[[ Data supplied open ]]

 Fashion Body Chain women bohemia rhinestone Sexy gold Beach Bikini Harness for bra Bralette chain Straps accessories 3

[[ Data supplied closed ]]
[[ Data supplied open ]]

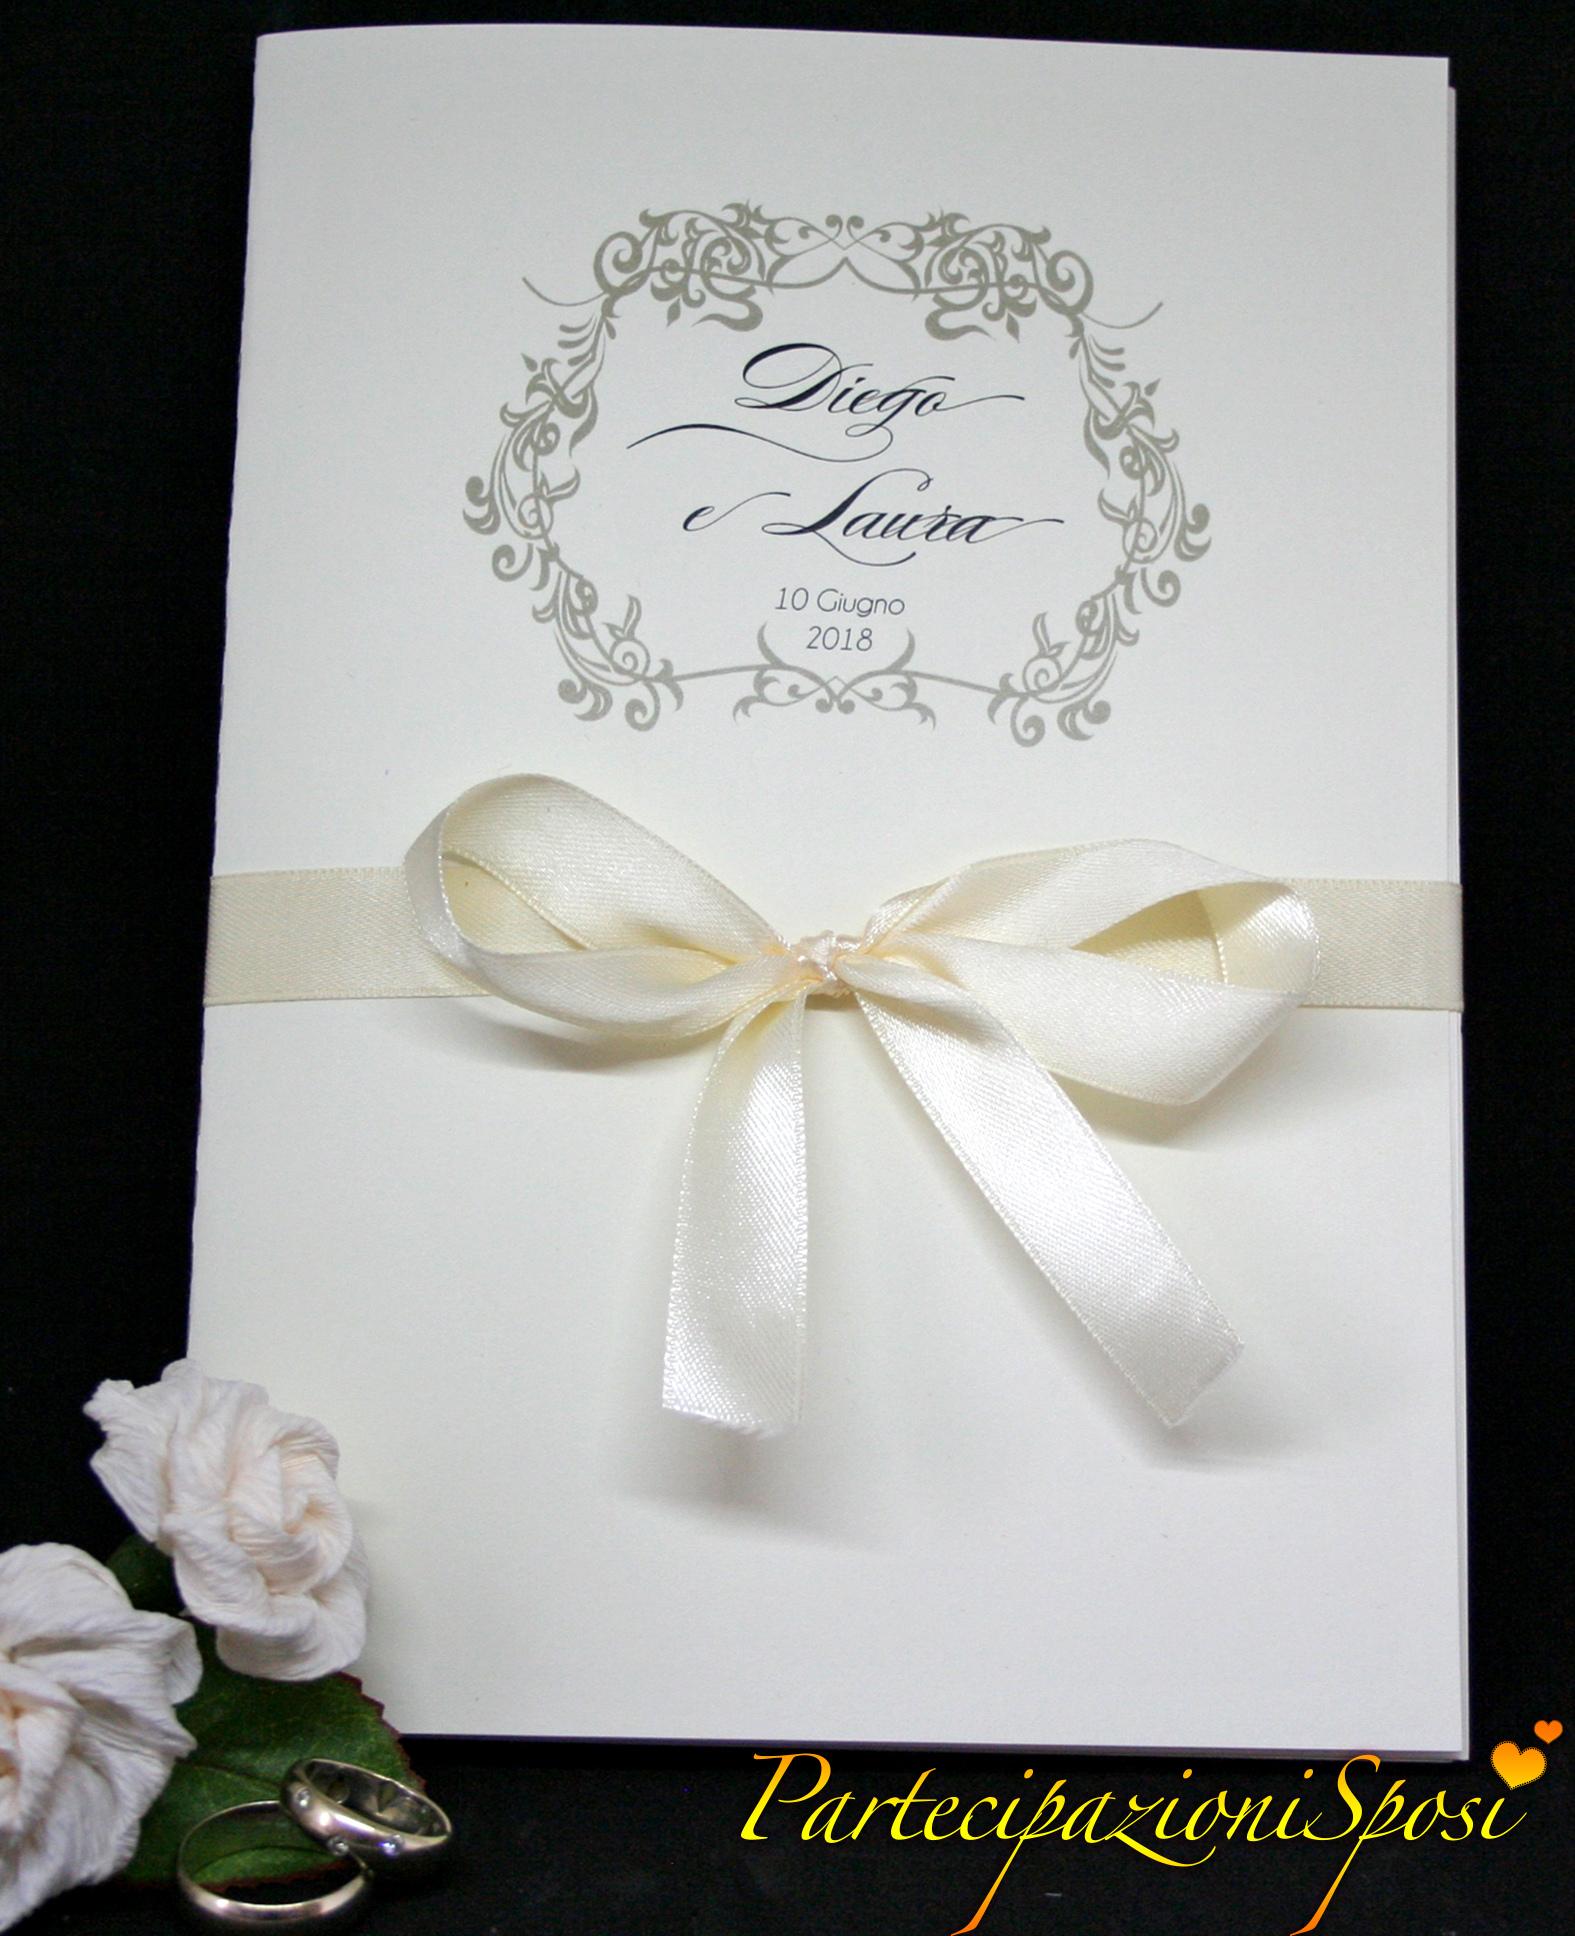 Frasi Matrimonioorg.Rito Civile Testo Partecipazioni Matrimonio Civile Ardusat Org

[[ Data supplied closed ]]
[[ Data supplied open ]]

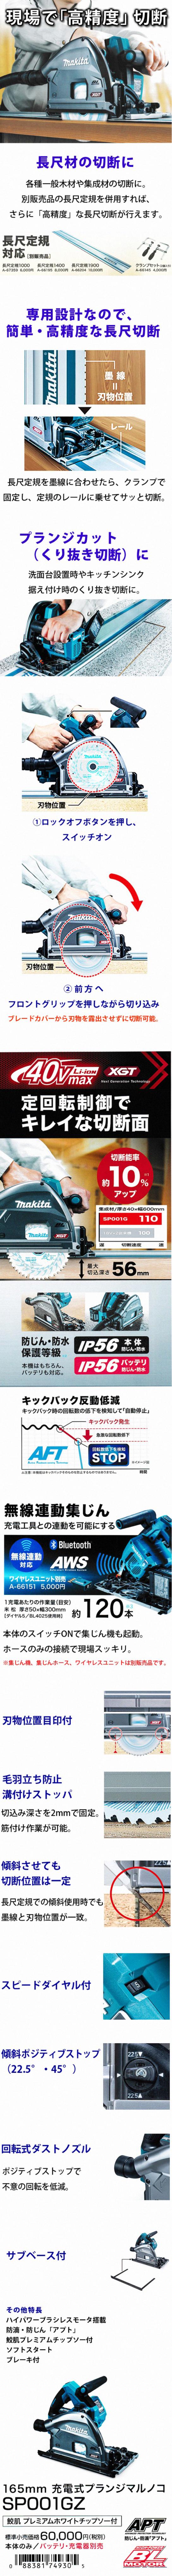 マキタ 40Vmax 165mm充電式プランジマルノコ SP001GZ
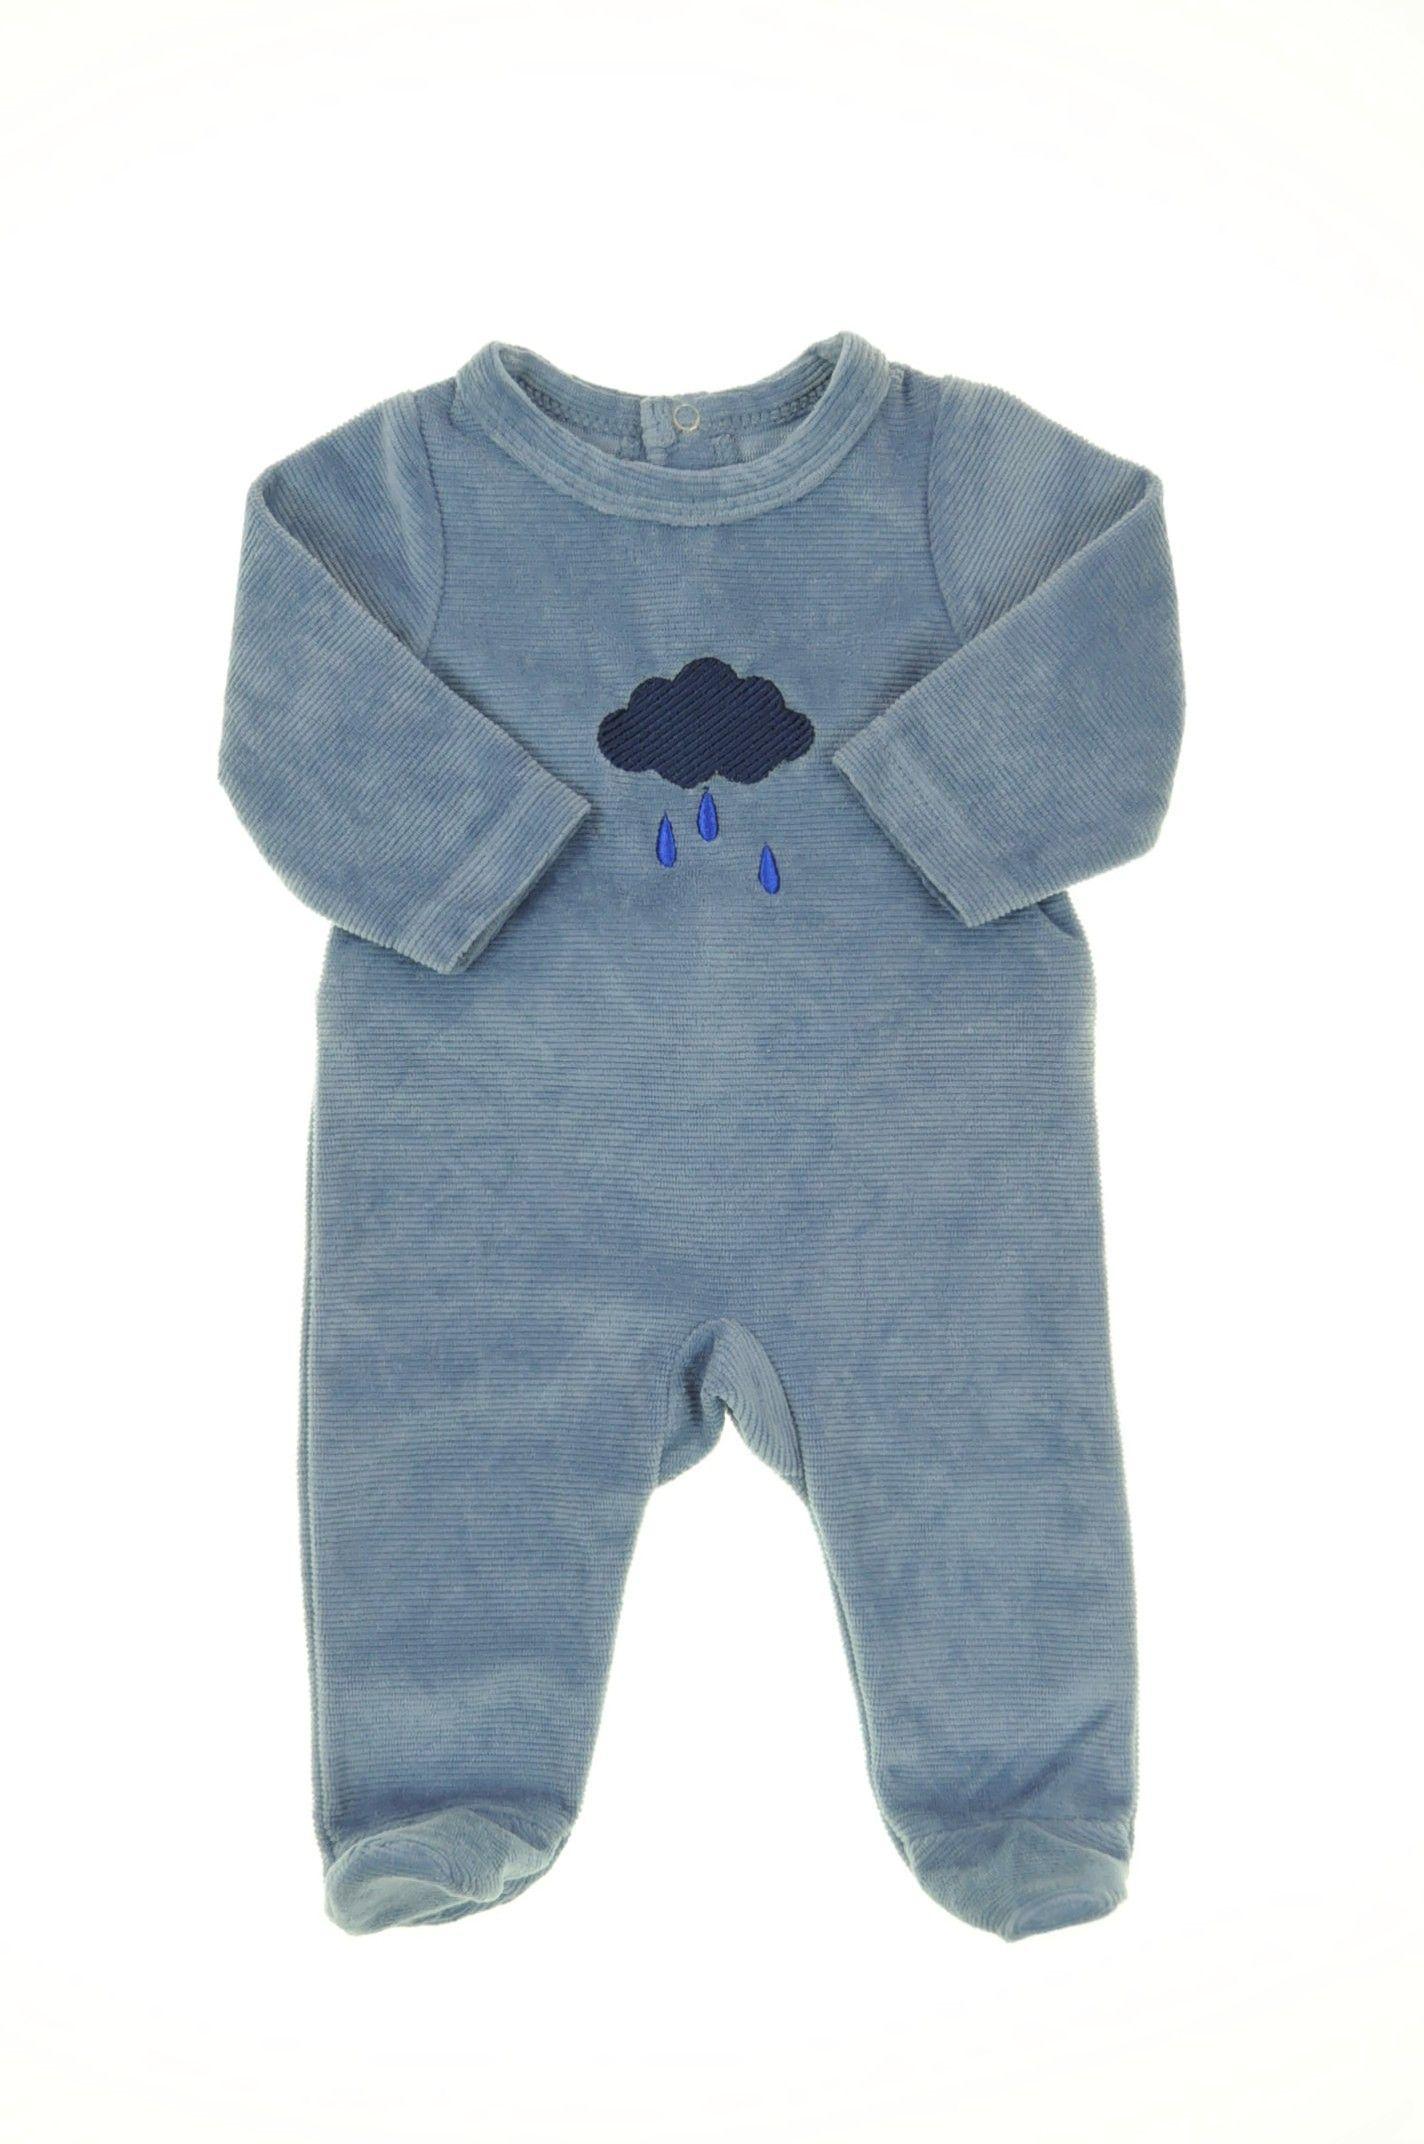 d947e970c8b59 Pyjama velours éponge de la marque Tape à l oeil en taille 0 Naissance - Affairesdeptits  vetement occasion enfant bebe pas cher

[[ Data supplied closed ]]

In the material above, which lines fall between the one holding "マキタ 40Vmax 165mm充電式プランジマルノコ SP001GZ" and the one holding "d947e970c8b59 Pyjama velours", inclusive? Print exactly those, with the pictures left out.

**Answer section:**
 マキタ 40Vmax 165mm充電式プランジマルノコ SP001GZ
 d947e970c8b59 Pyjama velours éponge de la marque Tape à l oeil en taille 0 Naissance - Affairesdeptits  vetement occasion enfant bebe pas cher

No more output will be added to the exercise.